Через три дня Рае выпустили из Острога и разрешили обедать вместе со всеми – вареный ячмень с пареной репой и смородиновый чай стали самым изысканным яством во всей его жизни. Дома Танра починила больную спину за одну ночь какой-то волшебной примочкой, однако ни сытость, ни целость не смогли вернуть утраченный сон.


Среди ночи Рае, прихватив с собой большую свечу, вышел на крыльцо и достал книжицу, которую украдкой пронес в камеру и куда записывал исчезающие воспоминания. Он и сам не знал, зачем ему это нужно, просто тонкие буквы, которые Рае выводил крошащимся угольным карандашом между родных книге строк, отвлекали его от унылости тюремного одиночества, пожирали бесконечное время свободных часов и уносили в далекий мир, словно он выдумывал свое прошлое, а не жил им.

Разглядывая уже написанное, Рае встретил слабое темное утро. День обещал быть хмурым, тяжелые осенние облака растаскивало и рвало ветром на бледном, как глаза старика, небе, зачумленные тучи неслись друг на друга – тени мятежных духов, черные мысли.

Рае отложил книгу, достал из кармана выданный Танрой серебряный портсигар, на крышке которого темнели зазубрины гравировки (змея, кусающая свой хвост), очертил кольцо большим пальцем и открыл коробку.

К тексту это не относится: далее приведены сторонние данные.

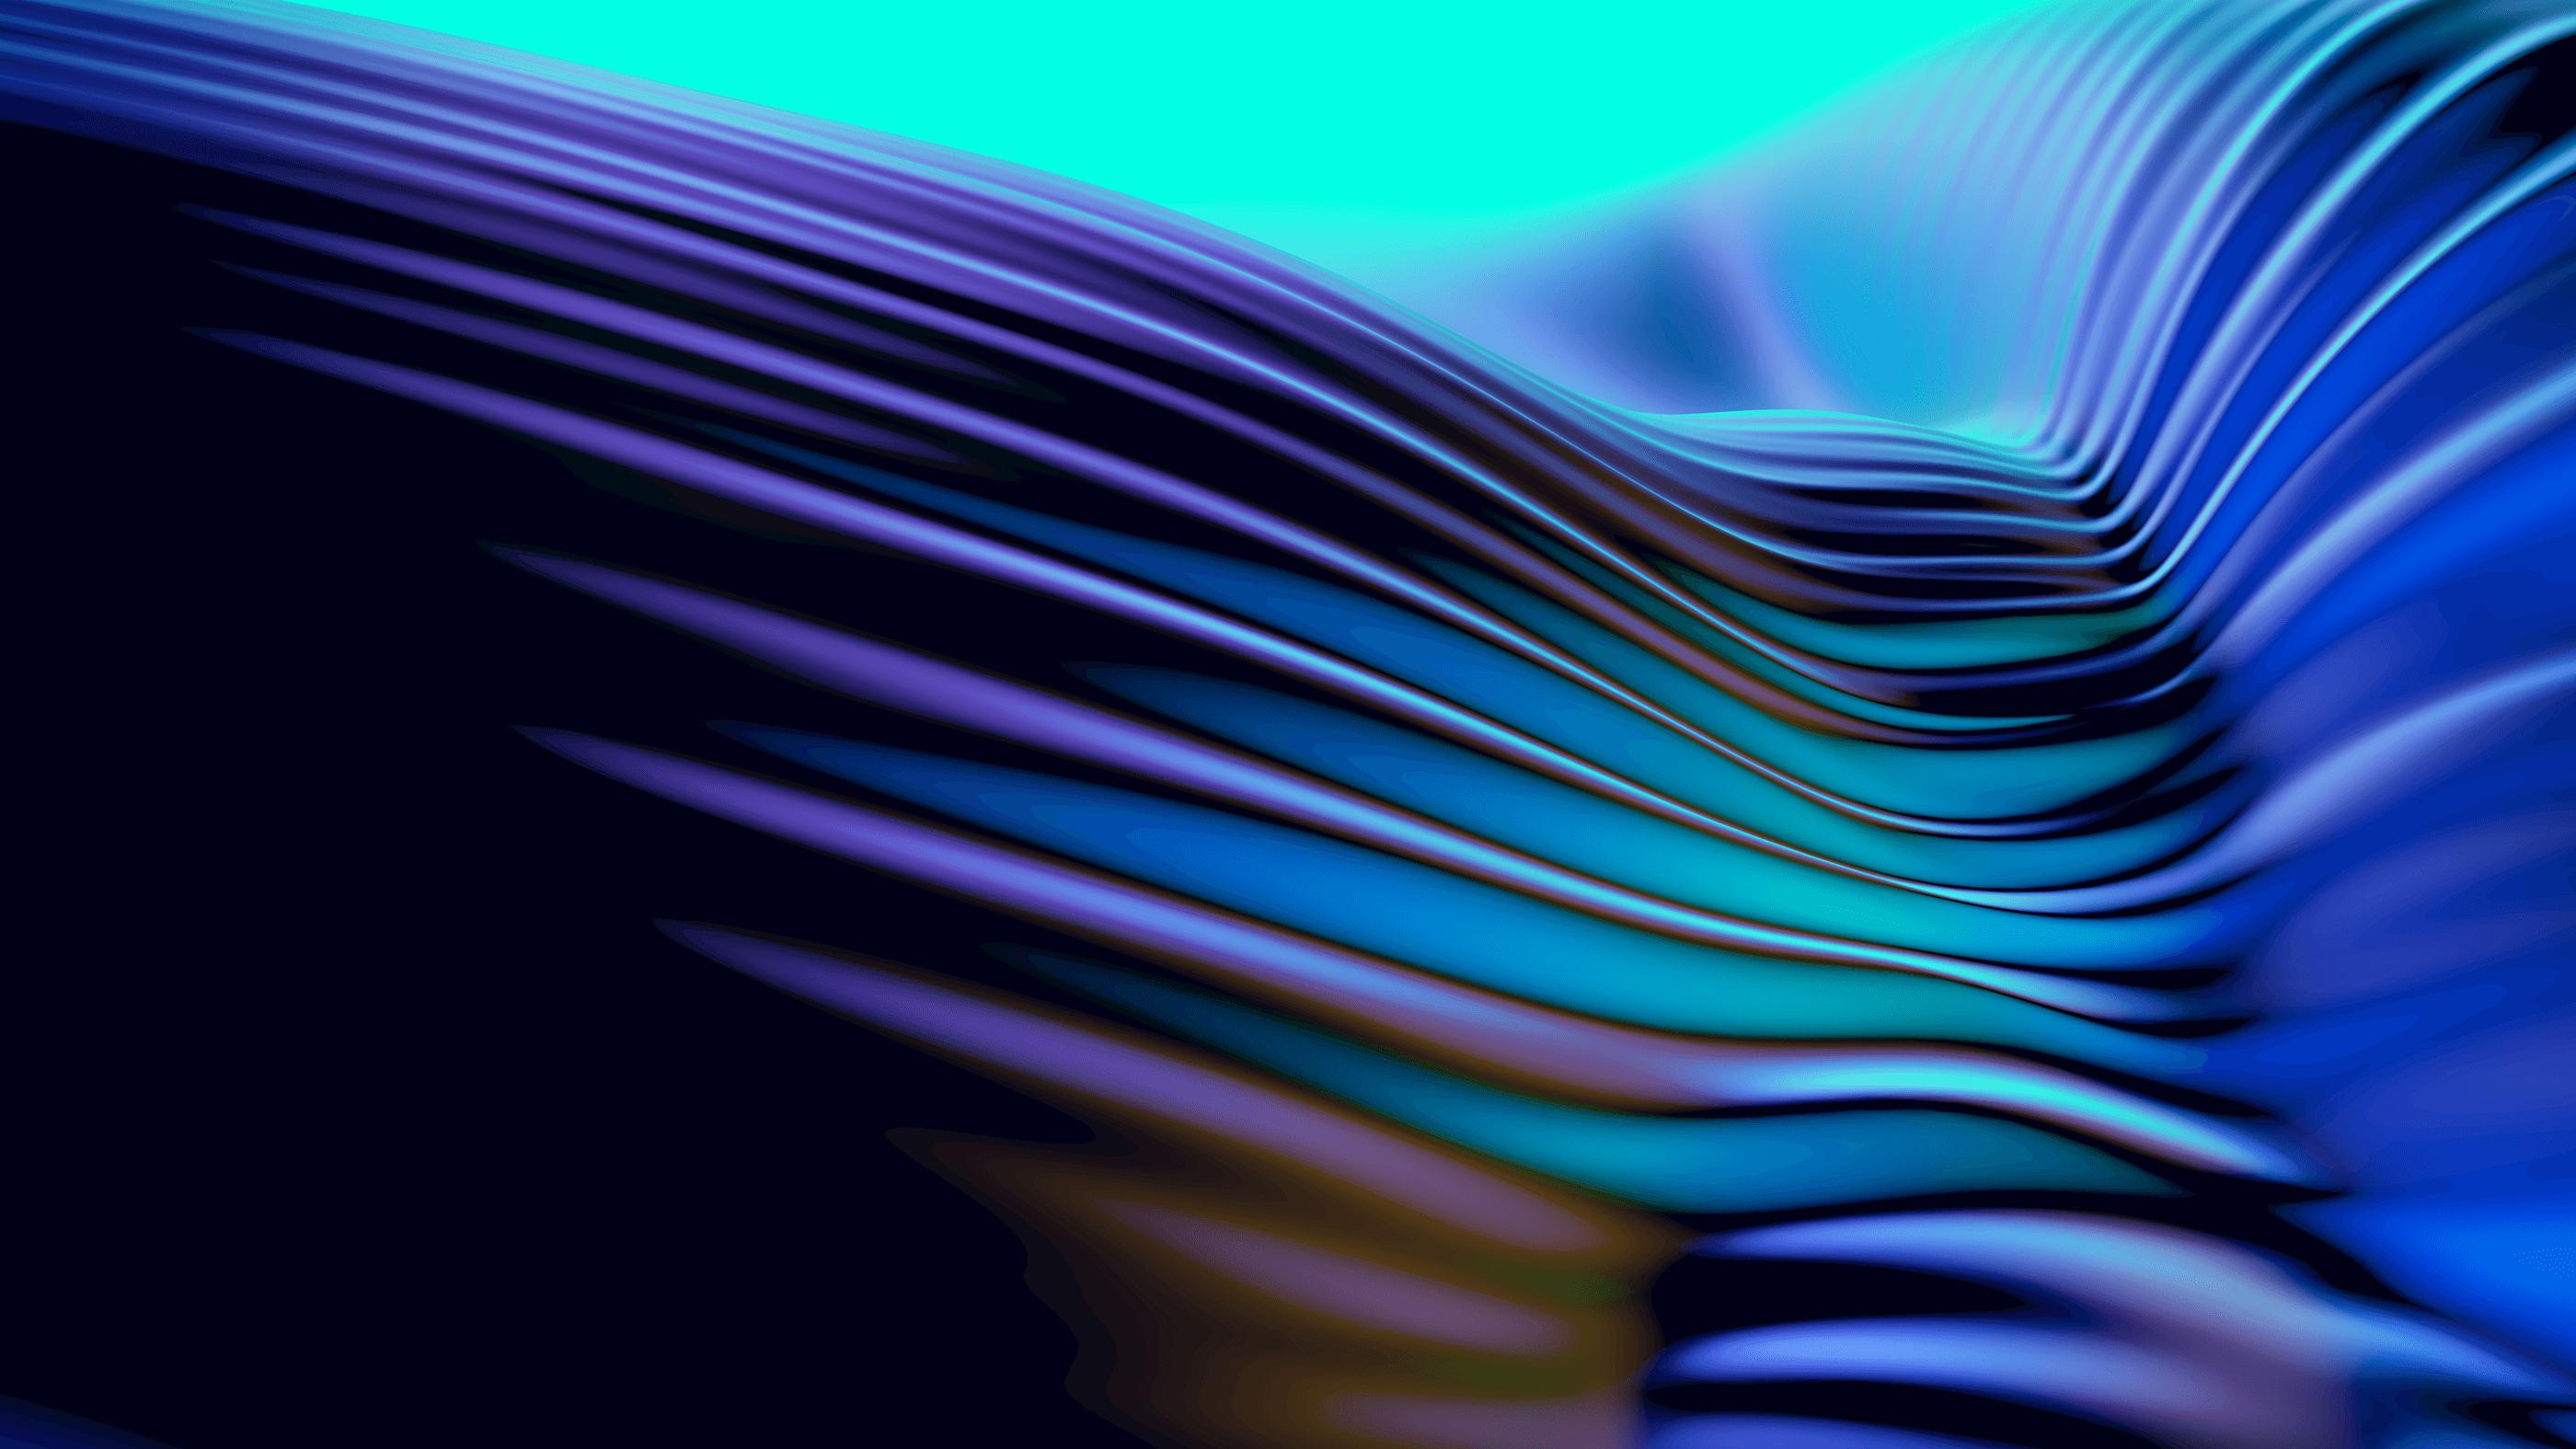 BlueTurquoise 5

Кончик самокрутки, подпаленный прыгающим огоньком свечи, приятно затрещал. Рае вдыхал горький дым, легкий пепел отлетал, как снег. Постепенно жар подобрался к кончикам пальцев. Послушник отбросил окурок в зольную лунку, где тот сразу погас, и посмотрел на тревожное небо, на синее дождливое пламя реки, напомнившее ему о человеке, который за ним прячется. Рае вытащил карандаш из-за уха и принялся рисовать через полосы строчек (вышло совсем непохоже), но ему нравилось присваивать чужие черты и переносить их на бумагу даже такими, искаженными.

У калитки появился Ситра, шагнув прямо из воздуха.

– Ты что тут делаешь? – спросил змей, хмуро глядя на Рае.

Послушник захлопнул книгу.

– Ничего. Думаю.

– Про что?

– А ты сам, что здесь делаешь? – вернул вопрос Рае.

Ситра не ответил, схватил свечу и торопливо умылся, водя огоньком по лицу и шее.

– Такие малявки, как ты, спать должны. Почему не спишь?

Змей поднялся по ступеням, не вернув огарок. Рае пожал плечом, обдумывая ответ, он смотрел на Колпак – капли дождя расплывались по нему, текли во все стороны: жаль не слышно, как они стучат.

– Бр-р… – поежился Ситра, проследив этот взгляд, и, прежде чем спрятаться в доме, попросил. – Не говори ему, что я прыгнул, ладно? Я проспал, не успел бы ногами.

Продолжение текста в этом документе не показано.